Hope things are okay. Like my Mom used to say, little kids, little problems; big kids, BIG problems.

He and you will be alright.
 
When my oldest ds was in 5th grade, he had alot of the same troubles. He also on the surface had the "I don't care" attitude but, really he DID care. Just too manly to show it I guess. I let the first detention be his punishment, the 2nd time he got detention I also went to the school and added on punishment since only dentention the first time didn't work. I spoke with the janitor and for 3 days after school my son became his friend. Manual labor as it were. No more detention. Sometimes after the first time you have to become creative, especially if he is like my son!

Kelly
 
Sometimes kids do something stupid. Why? They don't even know. Just reinforce that this is bad, bad, bad and not to do it again. If he's a good kid like you say he will remember.

:goodvibes
 
I think the key is that he understands WHY he shouldn't do it. The school's consequence should be enough discipline for this particular instance of behavior, but you want to make sure he understands why this is a bad thing to do (and it sounds like you have talked to him about that) to help avoid it from becoming a repeated offense.
 
Kids can be tricky sometimes...

My oldest ds really did give us a run for the money for many manyyears- I know at one time we were taking things away and went through where all he had was a bed in his room and that was it- and he would play with the dust bunnies lol-

I did find that when the kids have trouble at school the best punishments are done at the school. I like the PP's idea of the janitor work- I know the one thing I dislike is suspension for basic behaviors that just get out of hand- something like gum chewing are tardiness do not need suspensions- I would always argue this- when the kids are in middle school- and they get suspended they are off of school- in most cases the parents can't stay home with them so the kids get a day off school with tv, computers, etc yeah way to stop those unwanted behaviors lol

I think the previous advice for your son on this incident is good- definitely talk to your son about how his actions can hurt those around him. and yes talk to him about calling people gay- or any other names- and let the detentions stand as his punishments
 
honestly, if he's a good kid talk to him about why this is wrong and esp. why calling somebody gay is wrong. Then let the detentions be the punishment. This is pretty typical 11yo behavior, as is the academic laziness. Clearly you don't ignore it. You take it seriously, which it seems you did about the grades. But don't see it for more then what it is.
Boys can be nasty to each other. He was probably standing up to the bully in the best way he could.

ITA with Tiggeroo's post.

I don't think you need to be rushing your DS to a therapist or anything like that. ;) I think that detention is enough punishment.
 
Depends on your child...

My 15 y/o, doesnt matter what I say or do, he sucks it up and things dont really change much. I could say "We're going to amputate your legs" I'd get an "I dont care" even after I amputated them.

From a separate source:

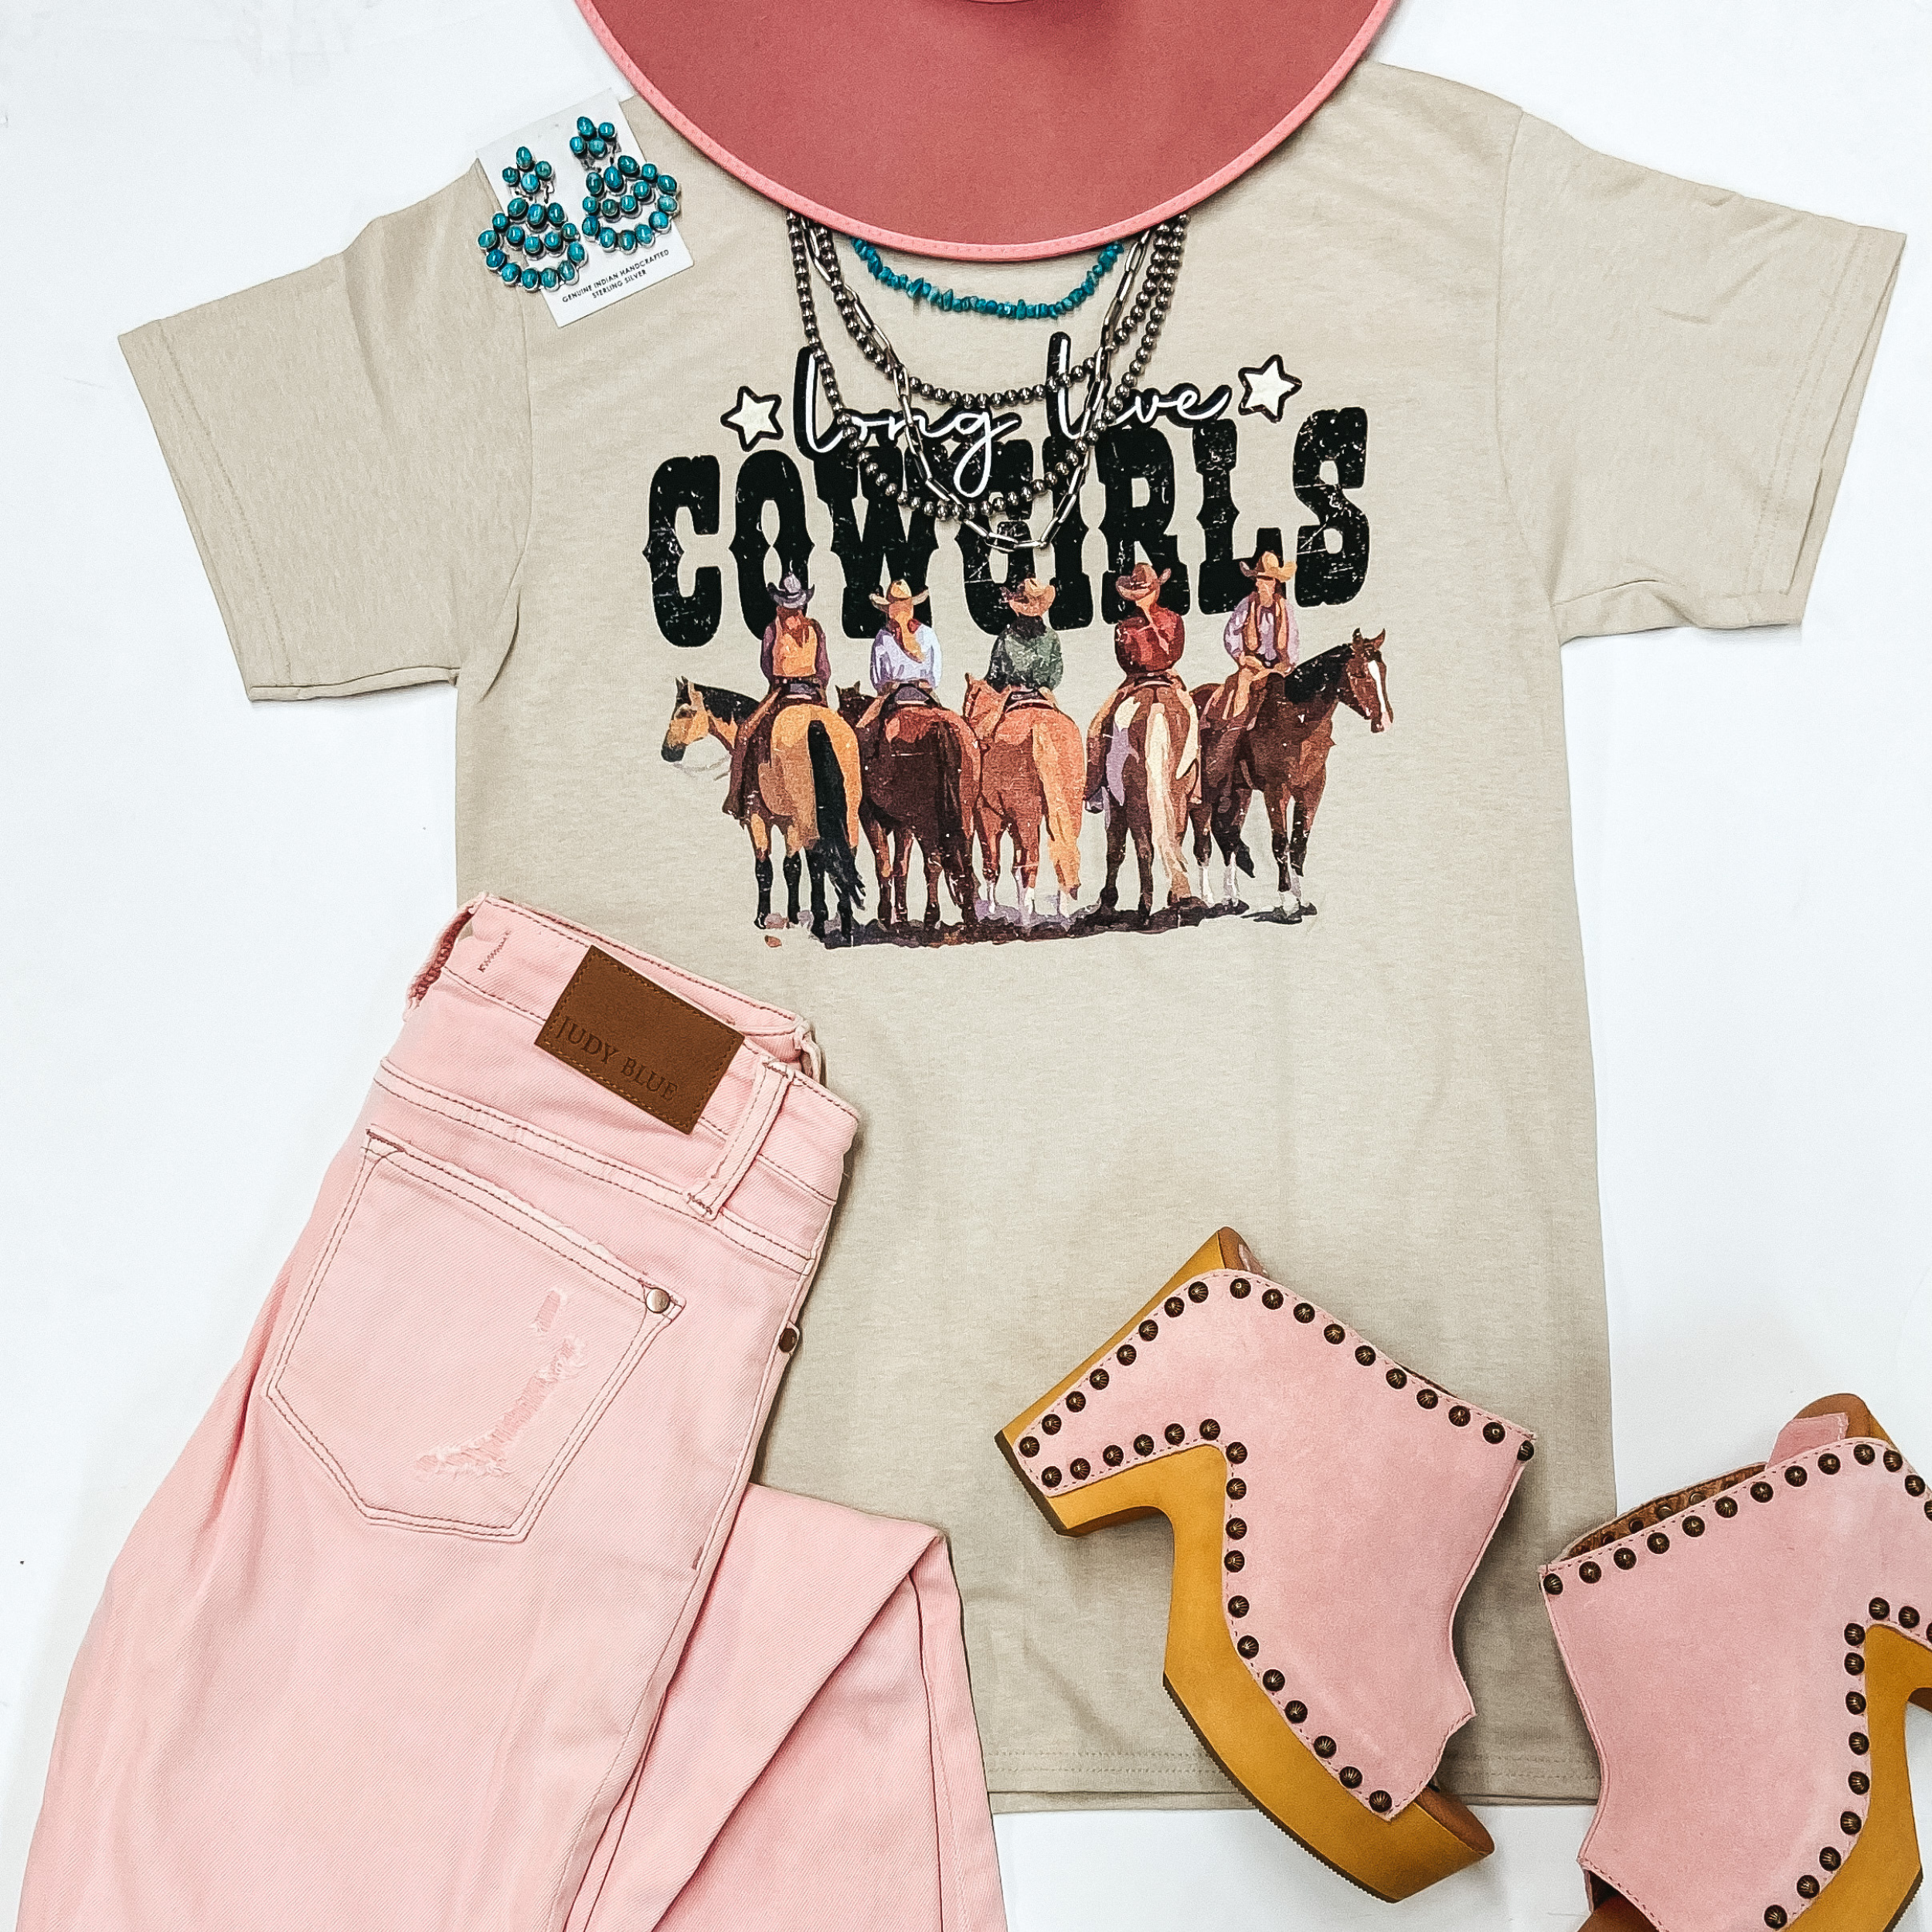 A beige graphic tee with cowgirls on horses that says "Long Live Cowgirls." This tee is pictured on a white background with genuine Navajo Jewelry and pink jeans, pink wedges, and a pink hat.

My 11 y/o, I can usually guilt trip him into anything. He doesnt like hearing how "disapointed" i am.

Wow my DD is like your 15 y/o. You can take the things that you think she cares the most about and get a shoulder shrug and I don't care. It's infuriating!
 
Same around here we've went from retard to gay and I hate both and have forbidden them in my house.

Same here. "Retard" is forbidden and the punishment is harsh (though I haven't heard it in a long time). "Gay" is never to be used in a negative way in our house. I tell my son's friends that, too, when they come over.
 
I'll never forget when my son who was in grade 3, him and a couple of his friends were calling a little girl ugly and telling her, her dad left her cause she was ugly. Needless to say we got the call from the school and all the boys had a detention. What we did was make our son buy this little girl a "sorry" card with his money, and he had to give it to her in class the next day. DS is now in grade 12 and still remembers that, and still comments how I made him use his money....but it worked for him, his name calling days ended there.